AI for Infrastructure
5 min read
DevopsCloud EngSreSysadminCloud Arch
Devops
Use AI for Terraform modules, pipeline YAML, and runbook drafts. Never apply without review.
Sre
Paste alert definitions, runbooks, and incident notes. Ask for improvements and missing scenarios.
AI for Infrastructure
TL;DR
- AI excels at generating Terraform, Kubernetes manifests, and pipeline YAML. It knows the syntax.
- Always review. Wrong Terraform can cost money. Wrong K8s can take down prod.
- Use AI for drafting and explanation. You own validation and application.
Infrastructure-as-code, configs, and runbooks are highly structured. AI can produce them quickly. Your job is to make sure they're correct and safe.
Terraform and IaC
Good use cases:
- "Generate Terraform for an S3 bucket with versioning and lifecycle rules"
- "Convert this AWS config to GCP equivalent"
- "Add a new module for X. Follow our existing pattern in modules/."
Cautions:
- AI may use deprecated resources or wrong provider versions. Check the provider docs.
- State and sensitive data — never paste real state or keys.
- Complex dependencies — AI can miss ordering. Review
depends_onand implicit dependencies.
Workflow: Generate → review → plan (dry run) → apply. Never skip review for prod.
Kubernetes
Good use cases:
- "Generate a Deployment + Service for a stateless app"
- "Add resource limits and probes to this manifest"
- "Convert this Docker Compose to K8s manifests"
Cautions:
- Security contexts, RBAC, and network policies — AI often skips or oversimplifies. Add them.
- Version skew — ensure API versions match your cluster.
- Production hardening — replicas, PDBs, topology spread — AI may not include. You add.
CI/CD Pipelines
Good use cases:
- "Generate a GitHub Actions workflow for test + build + deploy"

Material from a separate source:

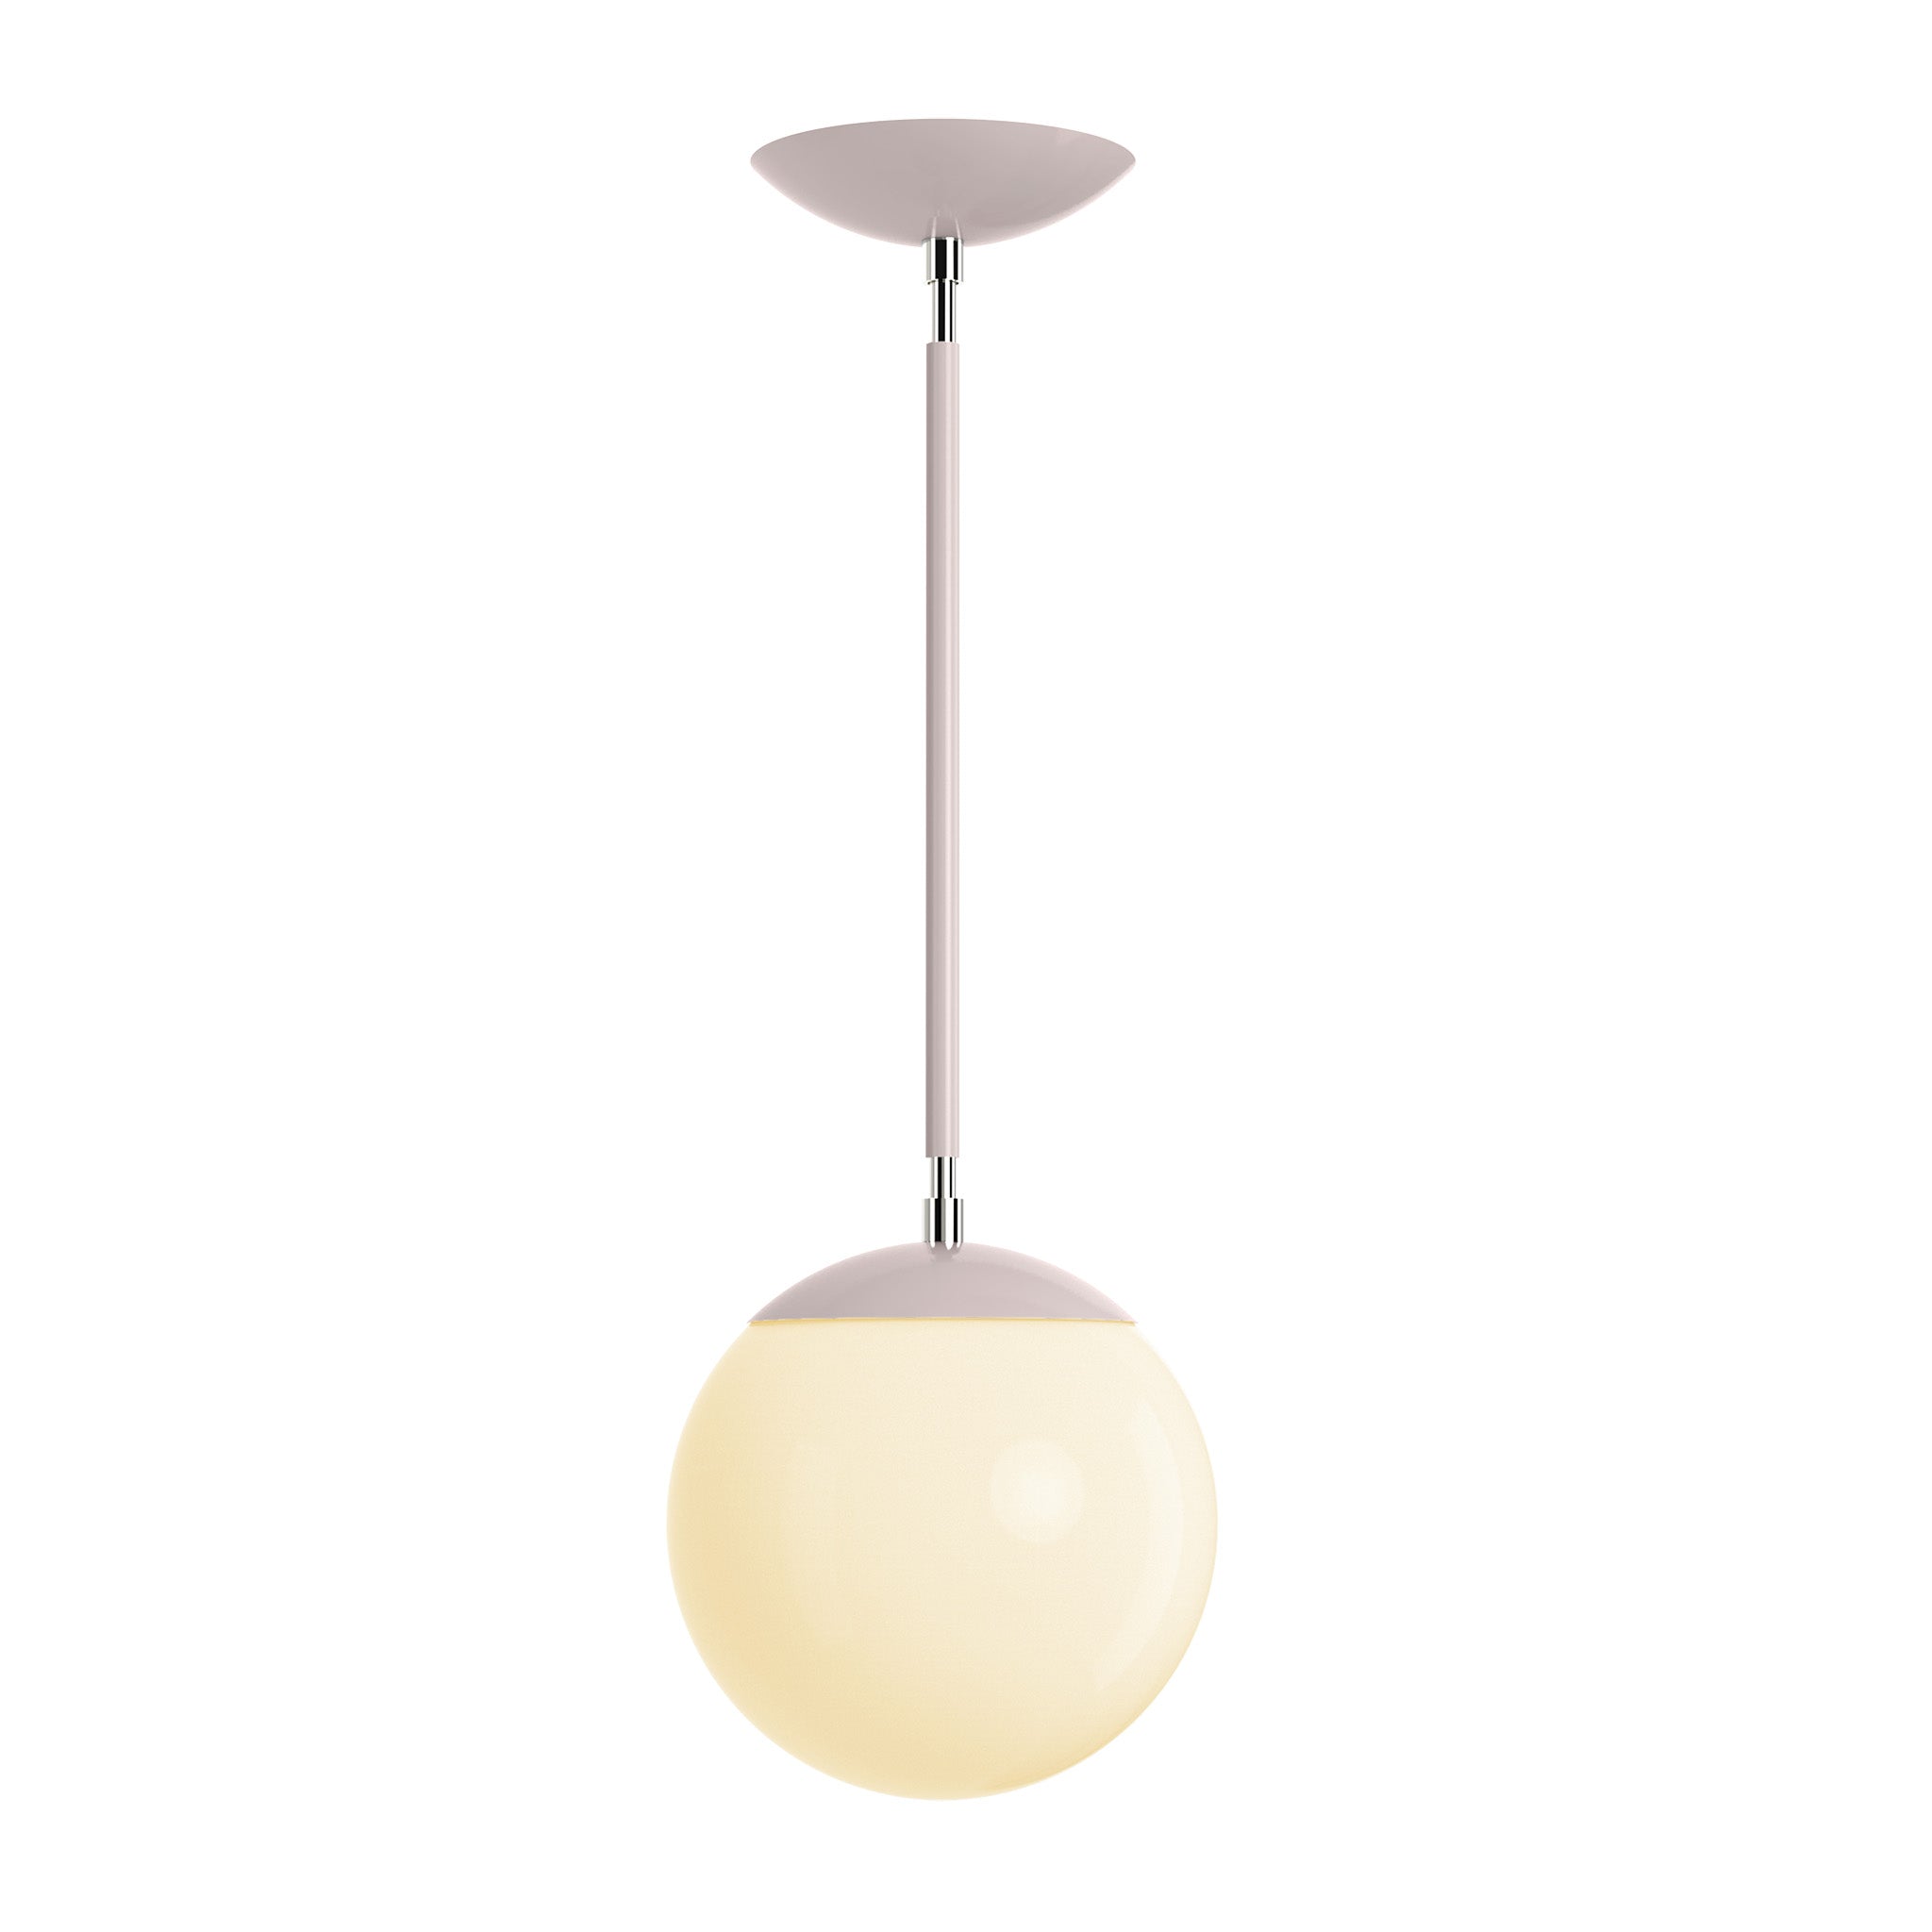 Polished nickel and barely cap globe pendant 8" dutton brown lighting

- "Convert this Jenkins pipeline to GitLab CI"
- "Add a step to run security scans"
Cautions:
- Secrets — never put real secrets in prompts. Use placeholders.
- Conditional logic and matrix builds — AI can get it wrong. Test in a branch first.
Monitoring and Runbooks
Good use cases:
- "Draft a runbook for 'database connection pool exhausted'"
- "Improve this alert description. Add runbook link and severity"
- "Summarize this incident timeline. Extract action items"
Cautions:
- Runbooks must match your actual systems. AI drafts need customization.
- Alerts — verify thresholds and query correctness. AI doesn't know your baselines.
# AI generated this. Review before apply.
# Check: Provider version? Deprecated resources? depends_on?
# Never paste real state or keys.
resource "aws_s3_bucket" "example" {
bucket = "my-bucket-name"
lifecycle_rule {
enabled = true
expiration { days = 90 }
}
}
# Workflow: Generate → review → terraform plan → apply
# Wrong Terraform can cost money. Wrong K8s can take down prod.Quick Check
AI generates Terraform for a new S3 bucket. What's the critical step before applying to production?
Do This Next
- Generate one Terraform or K8s resource with AI. Review it line by line. Apply only to a dev/test env.
- Have AI draft or improve one runbook for an incident type you've seen. Customize it for your setup.